2) For the current and wire size you chose, current density far exceeds the German norm of about 3 Amps/mmq. Even if the correct value is 0.015 mmq, then the current density is about 6.7 A/mmq, or about twice that used in German practice.

Regards,
Phil Corso, PE {Boca Raton, FL, USA}
[[email protected]] ([email protected])

 

If this is an AC solenoid, then the inductive reactance is a significant part of the total impedance. The current will be higher if the coil is unwound, or if the iron is removed from the core. As to whether the wire will melt, that is more difficult to answer, as completely unwinding the coil will also improve the cooling.

Unwinding some turns from the coil is not a good idea. If you need longer tail wires, then solder some extra wire onto the end of the coil.

 

Responding to Curt Wollet's Apr 12 reply:

Curt, for analysis presume that the unwound coil yields a long straight wire. Furthermore, doubled back the wire on itself so that there are now 2 parallel wires. For this case the formula covering a single-phase 2-wire transmission line is applicable. The formula yields an inductance value proportional to both length and to the separation distance.

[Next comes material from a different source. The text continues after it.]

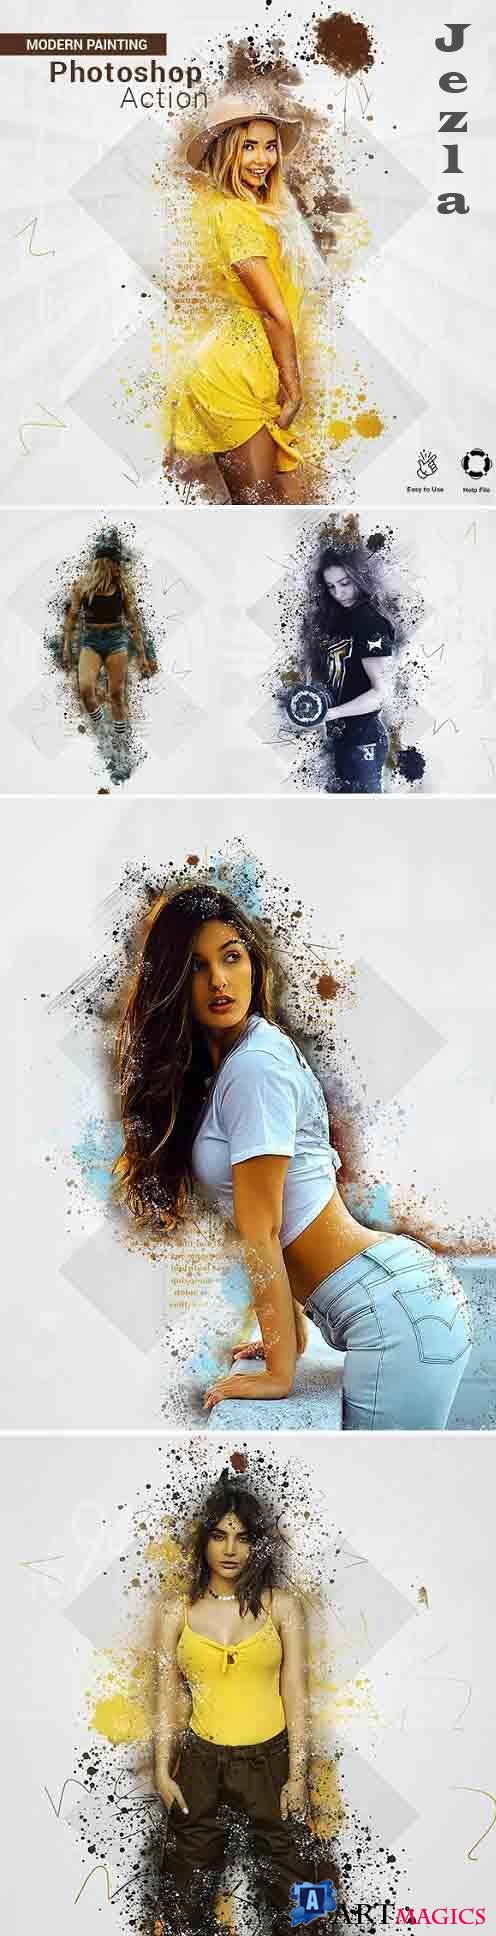 Painting Photoshop Action - 27497079

Because of the (presumably) great length, minimum inductance is not zero, even if they touch. Then, inductance increases, although not linearly, as the separation between them increases.

If Jan responds to my question, I intend to compare the inductance derived above to that of wire configured as a coil.

Regards,
Phil Corso, PE {Boca Raton, FL, USA}
[[email protected]] ([email protected])

 

Hello Phil

I wasn't going to get into transmission lines with someone looking for an answer at the electronics 101 level. My point is, that the wire wound in a coil has much greater inductance and therefore inductive reactance than the same length of wire unwound. That is why the coil doesn't fry
while the unwound wire might with the same applied voltage. But, provided you don't remove a significant number of turns, unwinding the ends a bit to provide leads won't cause things to burn up any more than soldering longer wires on. That is how I interpret the question.

Regards

cww

 

Hi to all and thanks for all the replies. It has turned out to be much more interesting than I thought. The wire I proposed is meant to be 0.015mm in dia, voltage 230v AC, and I got these figures from measuring an existing coil. The crux of my question is however, how long can the lead-out wires be, from the coil to the termination tags, before being soldered to heavy duty wire? Will it burn, or make no difference? All theoretical of course. Thanks for the patience all..
Jan

 

It won't make any difference as the current in every part of the wire is the same, at least for our purposes, at line frequency. If fact the leads should run cooler by virtue of being able to readily dissipate heat. Any constraints would be mechanical.

Regards
cww

 

Responding to Jan Husyser's Apr 19 concluding comment:

Please excuse my tenacity (others would call it stubbornness), but the numbers don't make sense (to me.)

Ignoring the thickness of the enamel coating, then, the diameter of 0.015 mm (15 um) is less than the thickness of a human hair (if one accepts that a hair is about 100 um in dia). Furthermore, the cross sectional area is about 1.767E-4 mmq (or 0.349 cmil). I'm very doubtfull
that such a small wire, if copper, can carry such a current.

Of course I understand that you want to conclude further discussion, but a very simple test will reveal not only the coil resistance but its inductance as well.

Interested? Onsite or off?

Regards,
Phil Corso, PE {Boca Raton, FL, USA}
[[email protected]] ([email protected])